Table 3.
Model parameters to estimate the bulk transverse endoneurial resistivity for a bundle of unmyelinated axons.
| Parameter (variable name) | Default value | Test range | References |
|---|---|---|---|
| Fascicle diameter (dfasc) | 105 μm | 80–300 μm | (Kawagishi, 2008; Tweden, 2013) |
| Axon diameter (daxon) | 1 μm | 0.5–2 μm | (Giordano, 2005; Guo, 1987; Helmers, 2012; Mei et al., 1980; Robinson, 1972; Waataja, 2011) |
| Axonal area fraction (AAF)a | 0.435b | 0.20–0.737c | (Agostini, 1957; Altman and Plonsey, 1989) |
| Endoneurial resistivity (ρendo-micro) | 0.65 Ω-m | 0.5–2 Q-m | (Altman and Plonsey, 1989; Geddes and Baker, 1967b) |
| Intracellular resistivity (ρa) | 0.7 Ω-m | 0.5–4 Q-m | (McIntyre et al., 2002; McIntyre and Grill, 2000) |
| Specific membrane resistance (Rm) | 0.2 Ω-m2 | 0.0025–0.4 Ω-m2 d | (Barrett and Crill, 1974; Cole and Hodgkin, 1939) |
Table 5 (Supplement C) shows calculations for estimating the axonal area fraction for a single fascicle based on cat posterior abdominal vagus nerve morphology.

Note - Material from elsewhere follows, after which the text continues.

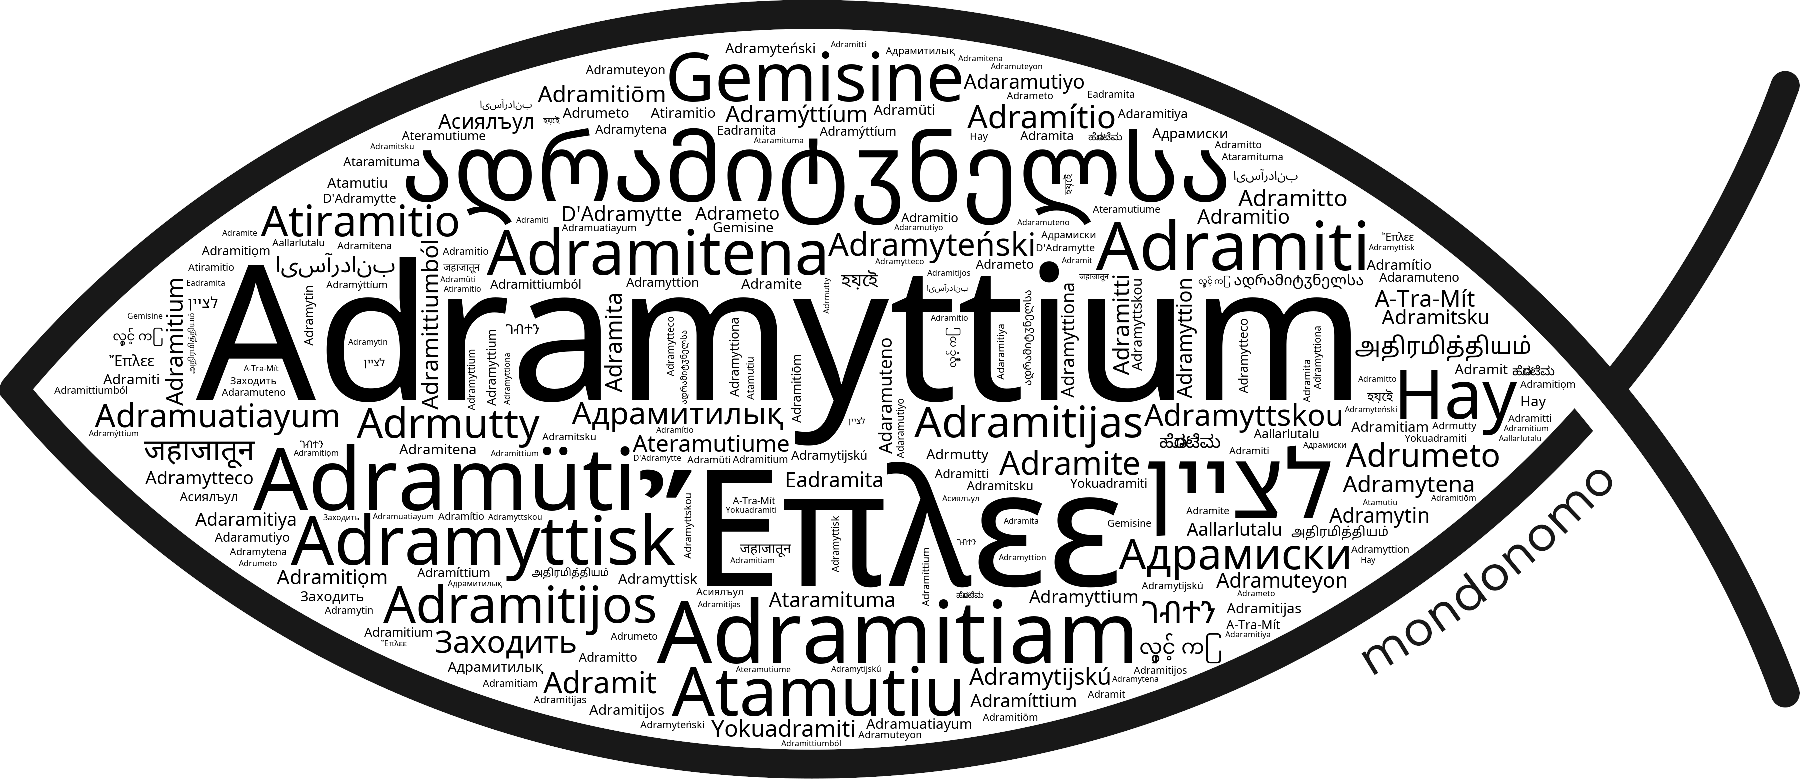 Name Adramyttium in the world's Bibles

Although we estimated an axonal area fraction of 0.45 from cat posterior abdominal vagus nerve histology slides (Table 5, Supplement C), we could only achieve AAF = 0.435 in the finite element model with the default parameters.
The lower bound of this range was chosen arbitrarily simply to test model sensitivity to this parameter. The upper bound is the maximum extent to which we could pack 2 μm axons into a 105 μm diameter fascicle.
The lower bound of this range represents the minimum membrane resistance for squid giant axon if all axons in the fascicle are active simultaneously.